Delta Lake Review

Delta Lake delivers open, reliable, and scalable data management for the Lakehouse,  empowering you to ingest data from external sources and efficiently manage it across Bronze (raw), Silver (cleaned), and Gold (curated) layers—all with full ACID transactions, time travel, schema enforcement, and support for both batch and streaming workloads. 

 

The goal is to ingest files from external sources like cloud storage into Delta Lake as Delta tables.  

Delta Lake is simply an open-source protocol for reading and writing files to cloud storage.  

Delta tables offer an open table format that supports Lakehouse architecture. 

 

 

Within Delta Lake you will work with Delta tables. Under the hood, Delta tables store data within a folder directory. Within the directory, data is stored as parquet files, and what Delta adds is delta logs stored as JSON files alongside the parquet files. The Delta logs keep track of all of the transactions on the data (parquet files) and table versions.  

 

The transaction logs provide a wide array of functionality to the Delta table. With the transaction log, we now have the concept of table states, so if you insert, delete or update data in your table, Delta basically adds a transaction (the log file) and your table stays updated and managed. So, with the transaction log you are able to easily get consistent views of your data and you're actually able to travel back in time! 

 

Delta Tables provide a variety of key features in our cloud data lake: 

  • ACID transactions (atomicity, consistency, isolation, and durability) for all operations, allowing multiple users to read and write data concurrently without conflicts.  

  • Supports Data Manipulation Language (DML) operations such as INSERT, UPDATE, DELETE, and MERGE, enabling flexible data management.  

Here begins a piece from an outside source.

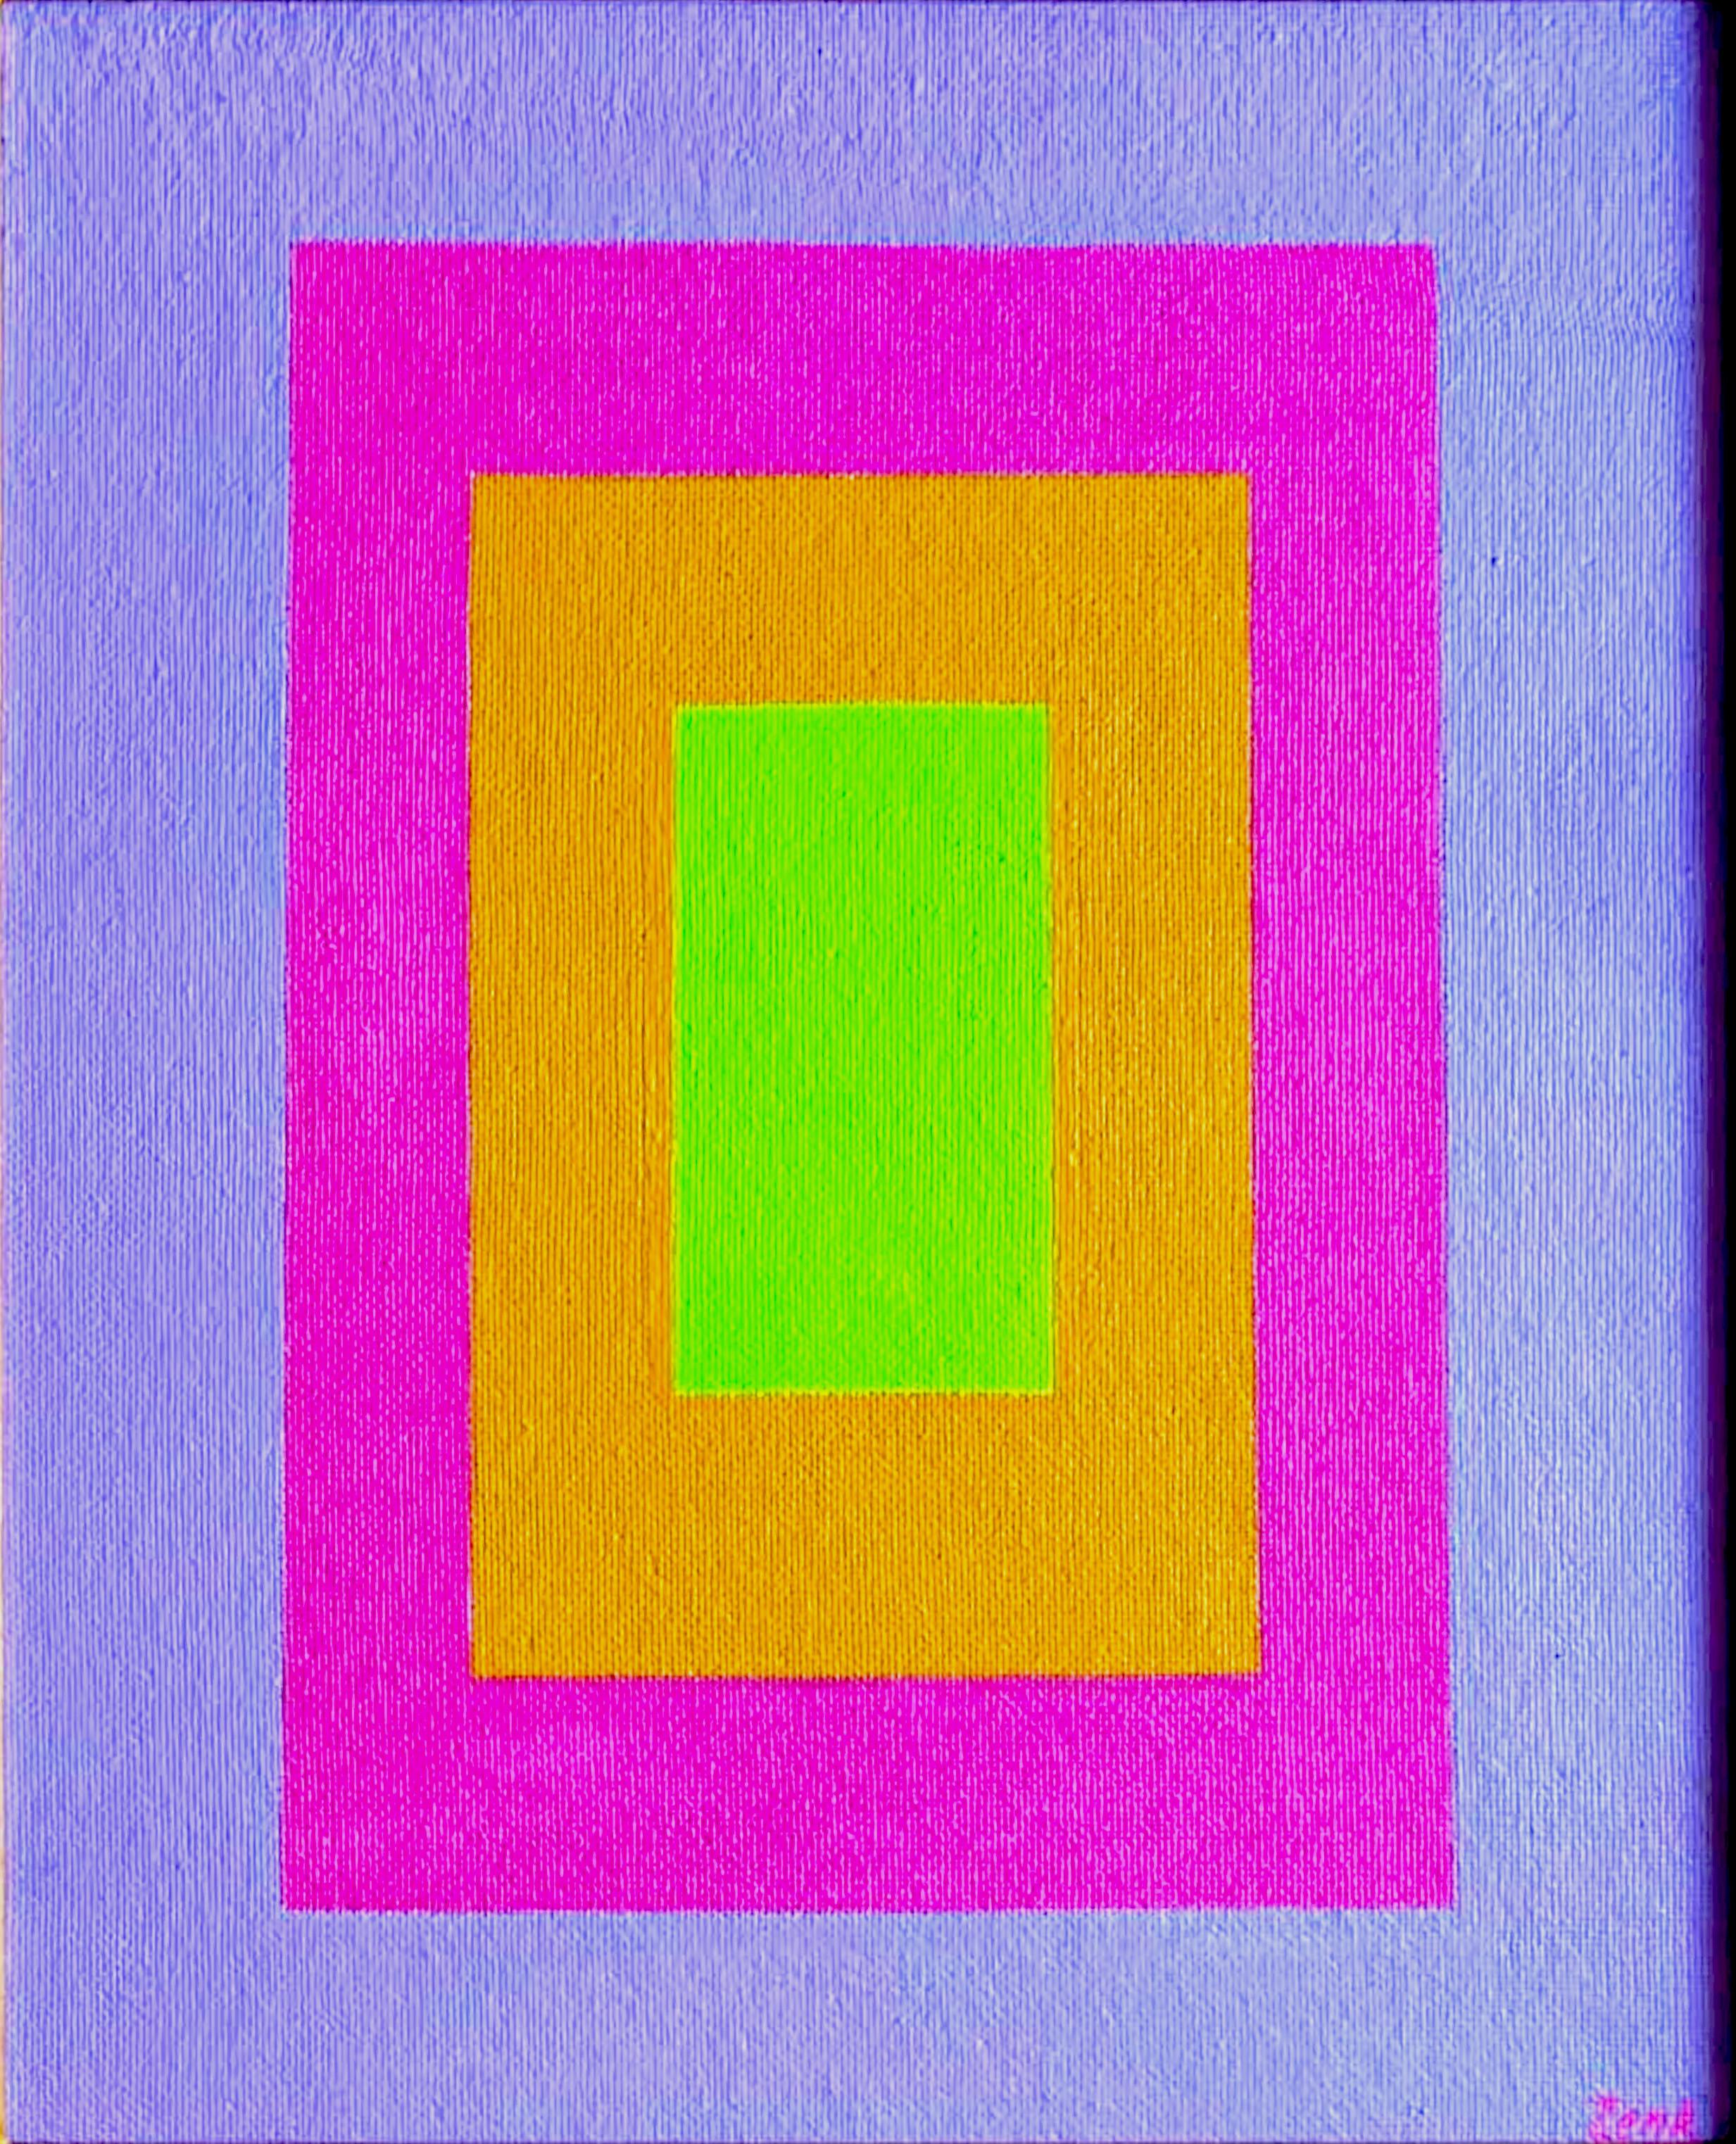 Unique painting Concentric Squares (Mid Century Modern Geometric Abstraction)  - Painting by Josef Zenk

  • Time travel allows users to query and revert to previous versions of data, facilitating auditing and recovery.  

  • Enforces a defined schema for data integrity while allowing schema evolution, enabling changes to the structure without breaking existing workflows.  

 

Delta Lake also provides many other features like unified batch and streaming  

processing, optimization and performance, and scalability. Delta Lake is also open source!  

 

Medallion (Multi-hop) Architecture 

 

 

 

As you ingest data into your Delta Lake through batch or streaming methods, or both, you can begin processing and transforming your data in Databricks. The goal is to incrementally and progressively improve the structure and quality of data as it moves through each layer: Bronze, Silver and Gold.  

 

It begins with the Bronze layer, the raw data ingestion layer. This layer ingests raw, unprocessed data from various sources 'as is', serving as the foundational storage for all data.  

In the Silver layer, the data is cleaned, transformed, and enriched, providing a more refined dataset that is suitable for analysis.  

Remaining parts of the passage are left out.